The following program counts the number of south-easterly paths through a regular grid of city streets. Inputs are the number of streets between the start point and end points, inclusively. So, if the points are 2 blocks apart in either direction then my inputs are x=3 and y=3.

public class BlockWalk {
  public static void main(String[] args) {
    int width = Integer.parseInt(args[0]);
    int height = Integer.parseInt(args[1]);

    System.out.println("There are " + (new BlockWalk(width, height)).countPaths() + " paths through a " + width + "x" + height + " grid.");
  }

  private int width, height;

  public BlockWalk(int width, int height) {
    this.width = width;
    this.height = height;
  }

  public int countPaths() {
    return countPathsFrom(0, 0);
  }

  private int countPathsFrom(int x, int y) {
    if (x == width - 1 && y == height - 1) 
      return 1;
    else if (x == width - 1 && y < height - 1)
      return countPathsFrom(x, y + 1);
    else if (x < width - 1 && y == height - 1)
      return countPathsFrom(x + 1, y);
    else 
      return countPathsFrom(x + 1, y) + countPathsFrom(x, y + 1);
  }
}

This isn't an optimal solution, but it works.

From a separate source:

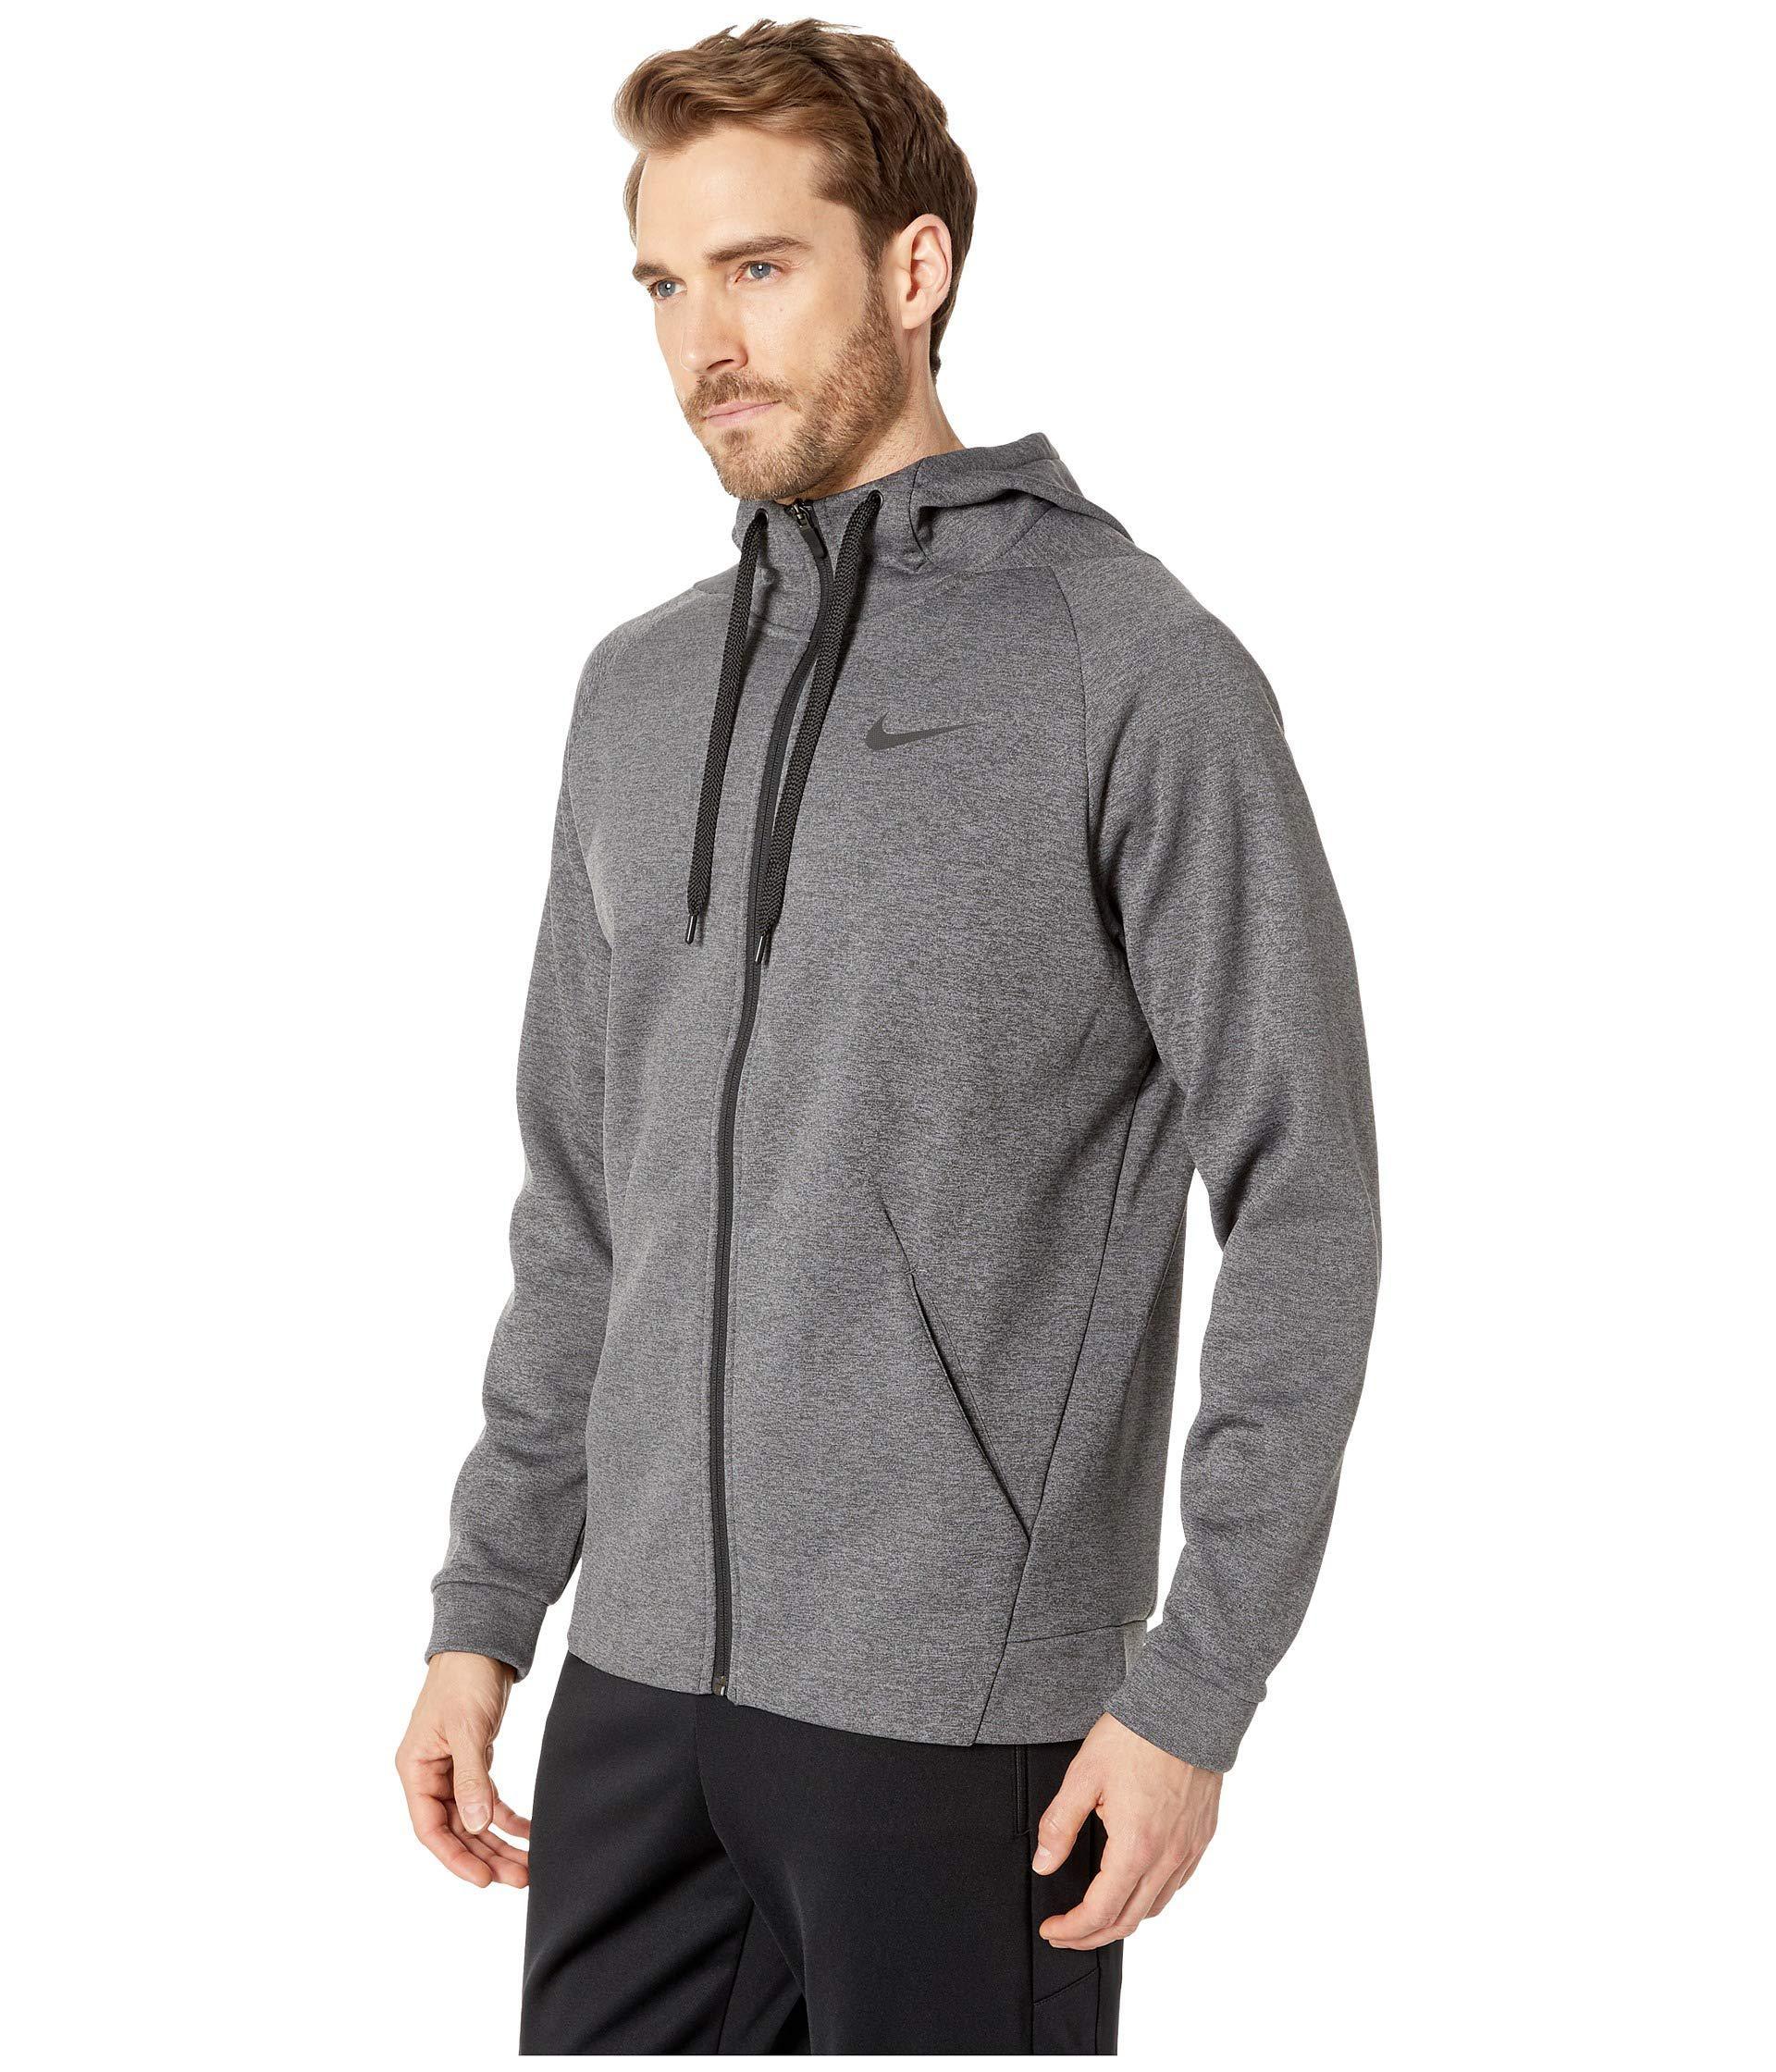 527f18dc09 Lyst - Nike Dri-fit Therma Men s Full-zip Training Hoodie (charcoal  Heather black) Men s Sweatshirt in Gray for Men

To optimize it you could maintain a table of partial solutions. Because the solution is recursive you can see that the solution for a 4x4 grid involves computing the solutions for both a 3x4 and a 4x3 grid and adding them together. Now you know that the the number of paths through a 3x4 are the same as the number of paths through a 4x3 grid. So no sense in computing the values for both. Once you have one of the answers stick it in a table. And always check the table before computing an answer. Not sure if that made sense... maybe if I'm bored another night I'll update with a code sample.